Spit in the bloody bin you fool.

In the gym changing rooms. Bloke comes in looking like a bit of a tough guy with expensive shades on. His mobile starts ringing and the wackyness begins as he struggles to find it in his trouser pocket. In the excitement his bag empties its contents onto the floor. He finally manages to get his mobile to his ear; "Hello... hello...". Then he rolls his eyes and exclaims to no one in particular "oh, no one there". Puts his mobile back in his pocket and starts picking his stuff up.

I enjoyed watching this bit of nonsense and he managed to make me feel more self confident with his Chaplinesque fall from grace.

On my way home I was sat in an outragous queue.
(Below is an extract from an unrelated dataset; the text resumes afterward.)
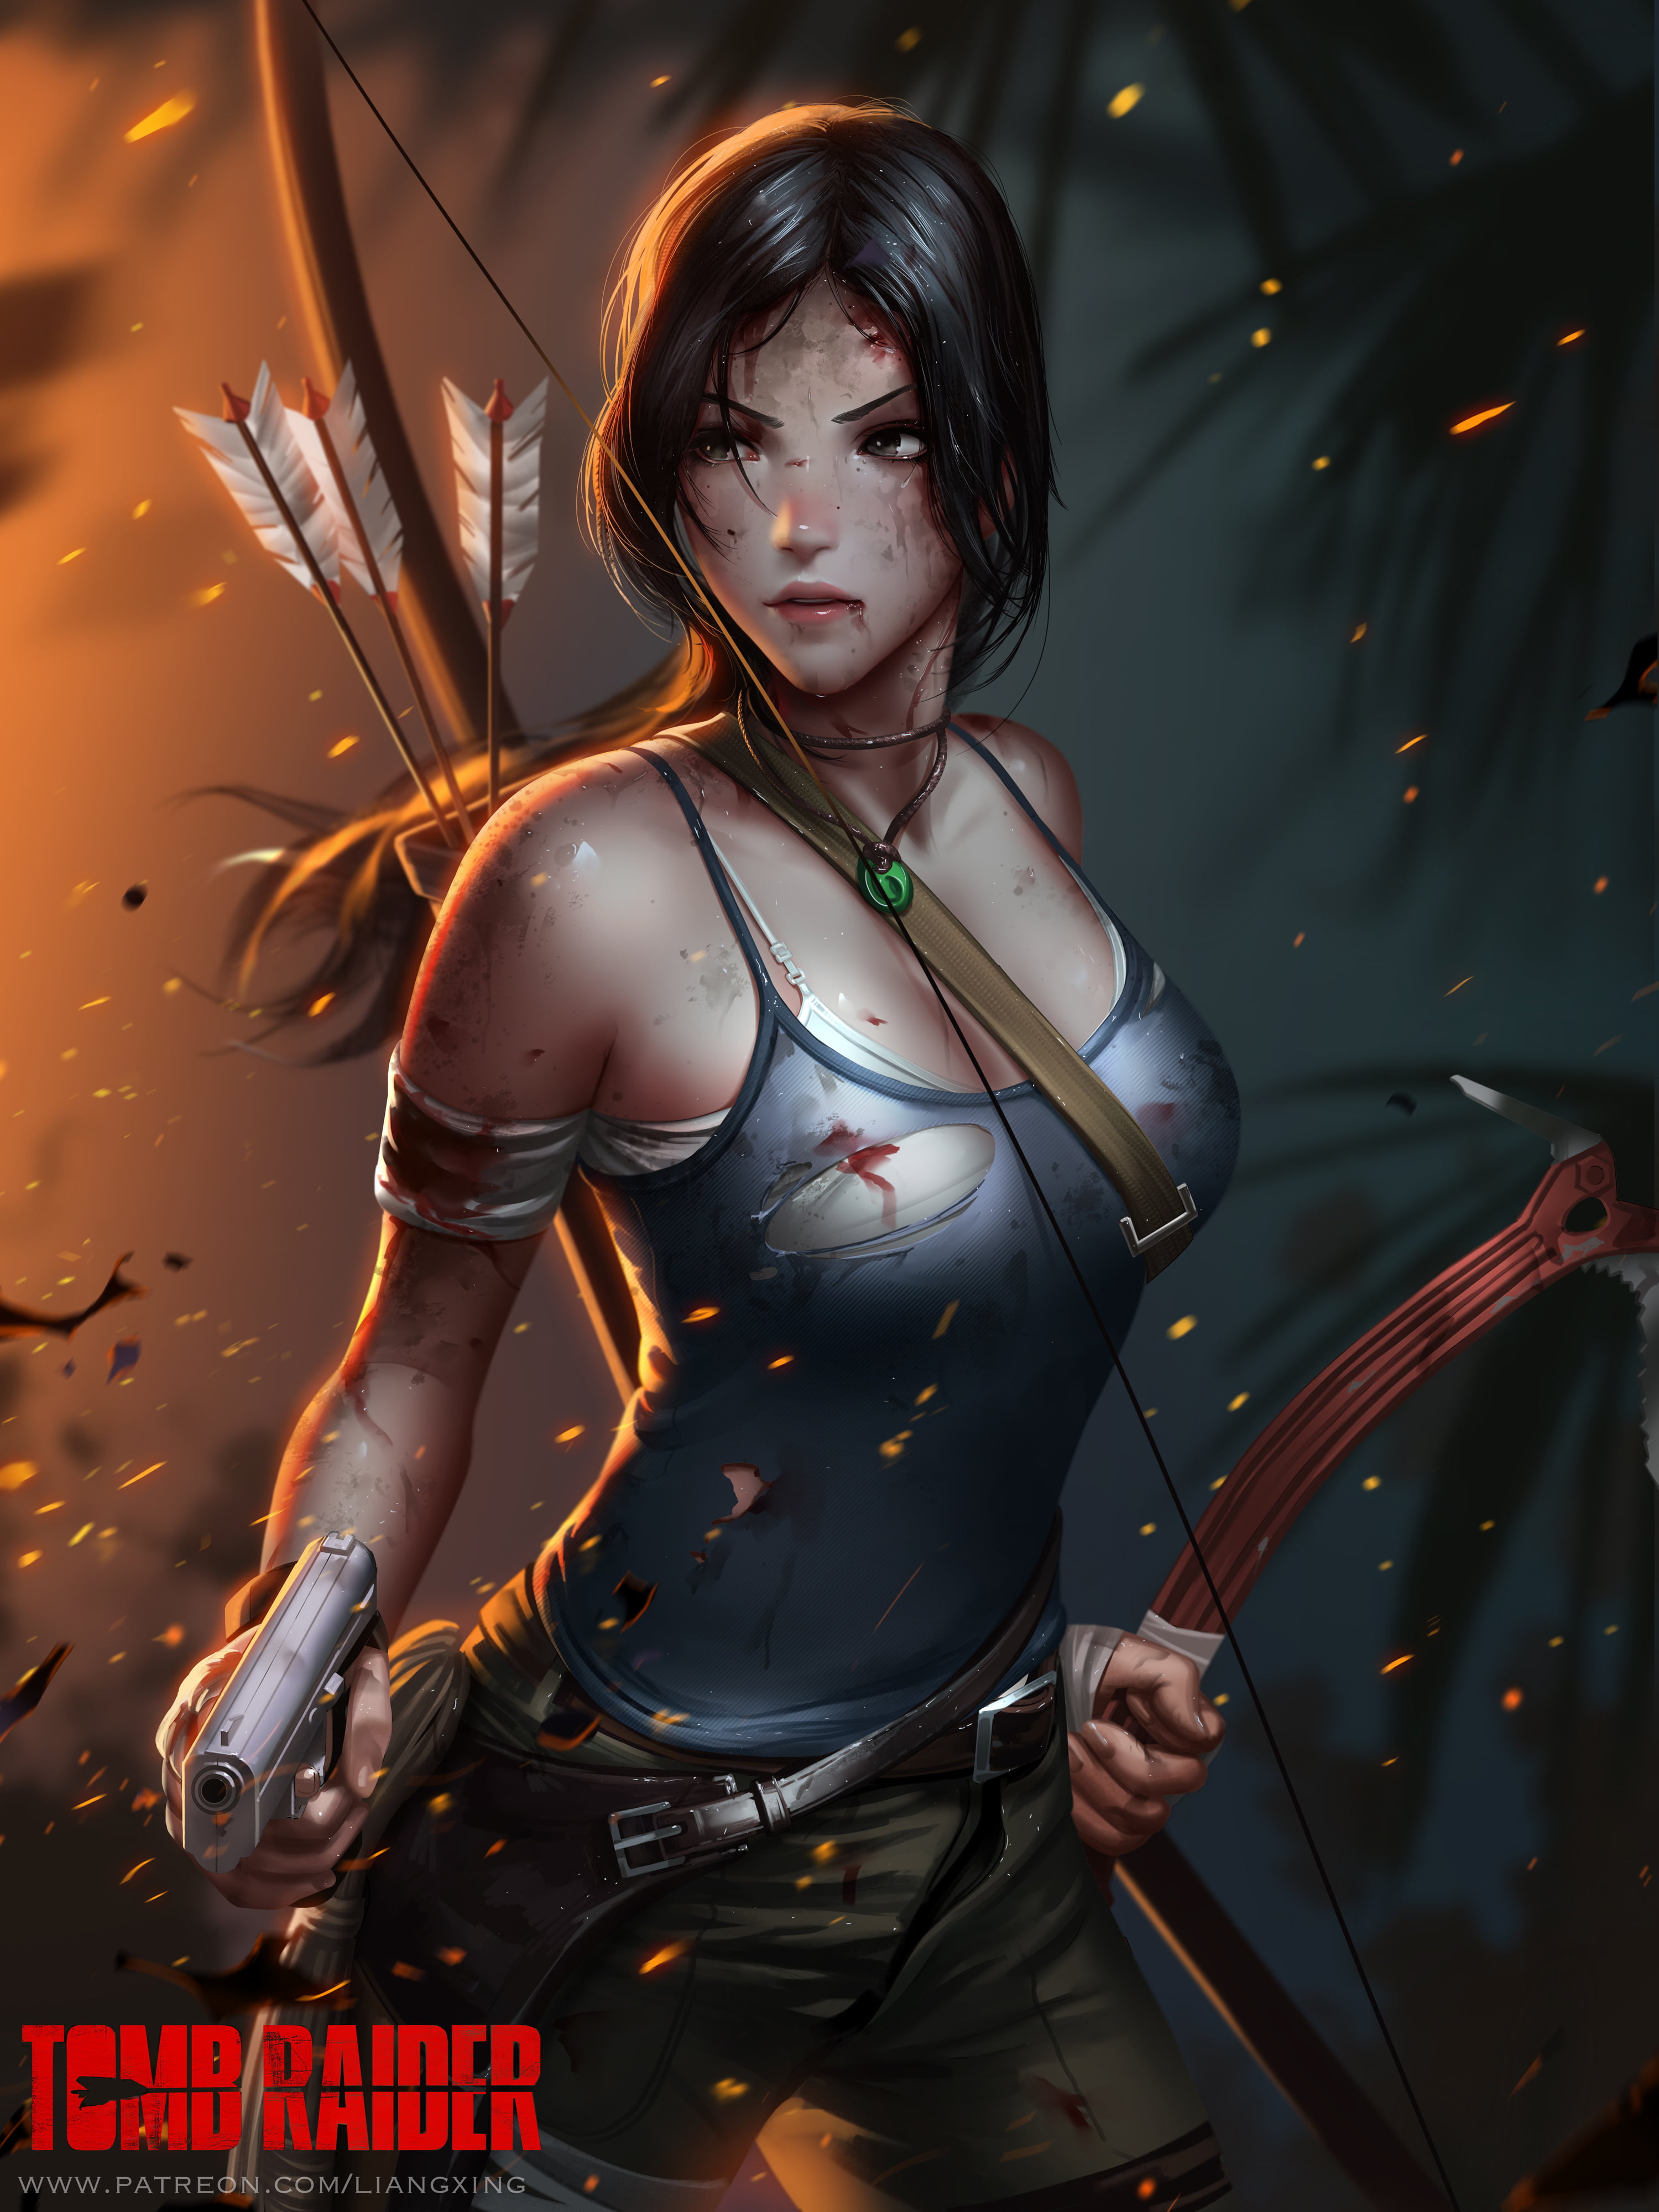 Tomb Raider game application wallpaper, digital art, artwork
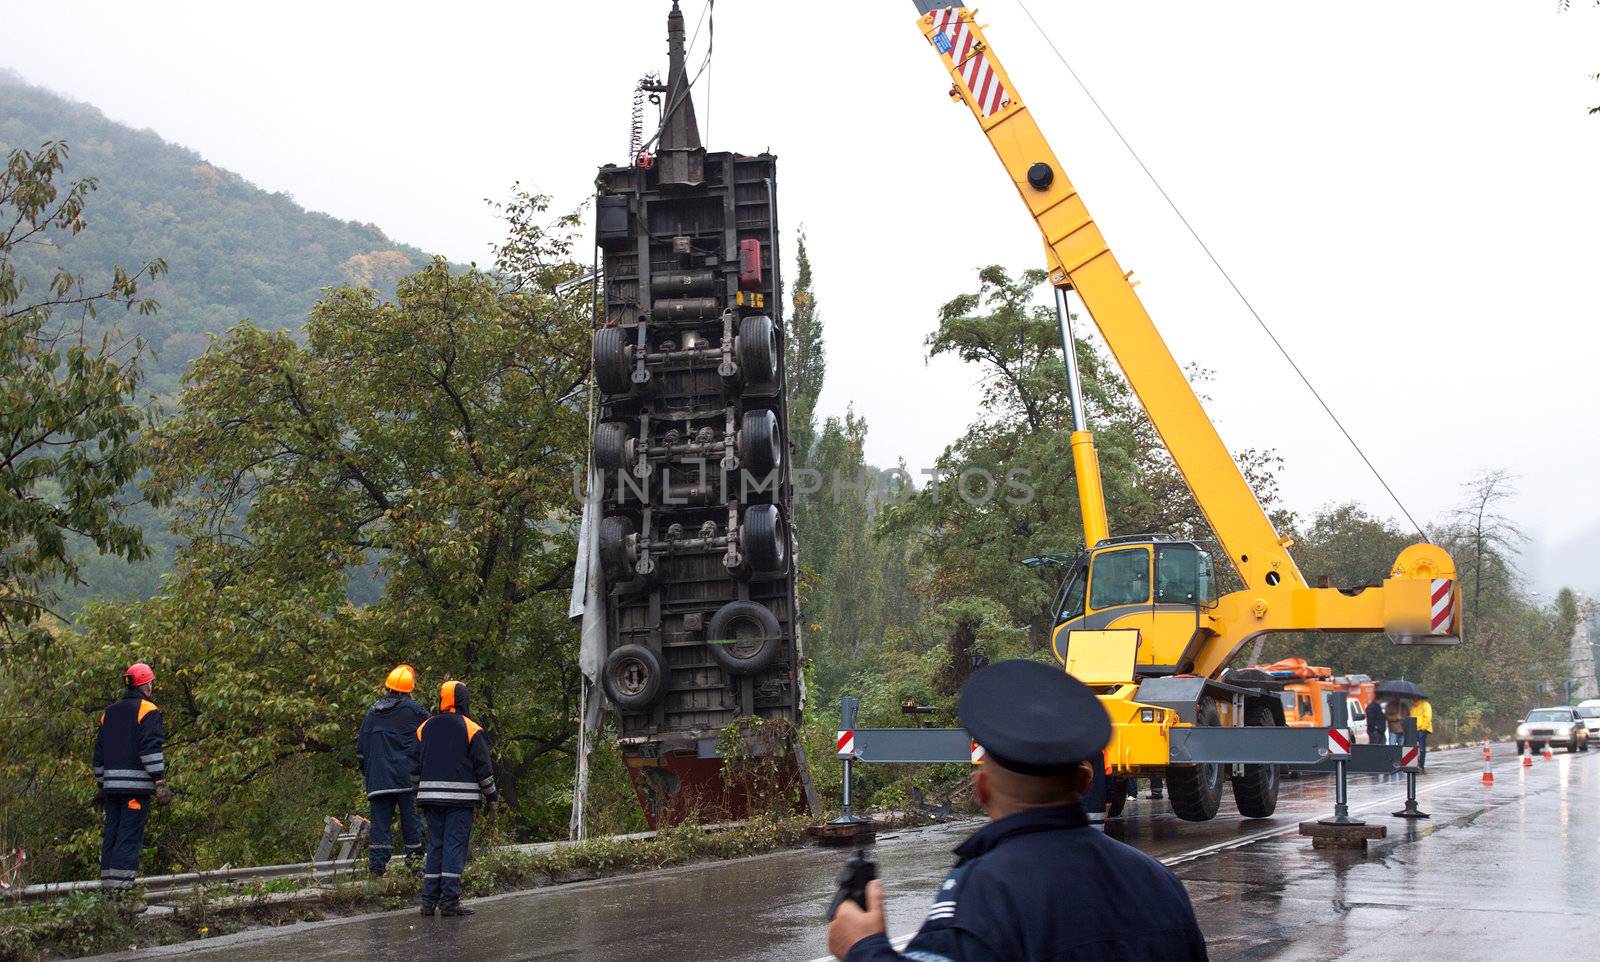 Crane lifting crashed truck by vilevi

The traffic was going nowhere and in the middle of it I got distracted by my mobile phone. I'd got a message on it.

"Who's it from? Lemme have a look here," I thought to myself. Then: "BEEP BEEP!" shouts the car behind me.

"Bugger I must be holding everyone up. Ruined. No, the bloke behind is just annoyed that I haven't moved a few feet forward. We're stuck in a long queue behind some red traffic lights and he wants me to shift forward a little to give the illusion of progress? What a c#nt. Why should I bother moving a car space forward? We're not going anywhere. Nor will we be for sometime".

"He's annoyed at me".

"I'll just sit here and grin at him".

"Oh, he doesn't like that".

I've never understood c#nts like him. Why would you want to beep the horn in stationary traffic? Stupid cretin.

As the traffic ebbed and flowed I ended up quite a way infront of him. Just as I was congratulating myself for having superior grid lock negotiational skills he ended up overtaking me from out of nowhere.

The karmic balance was therefore restored. As his triumph in the race which I was playing out in my head annoyed me a little.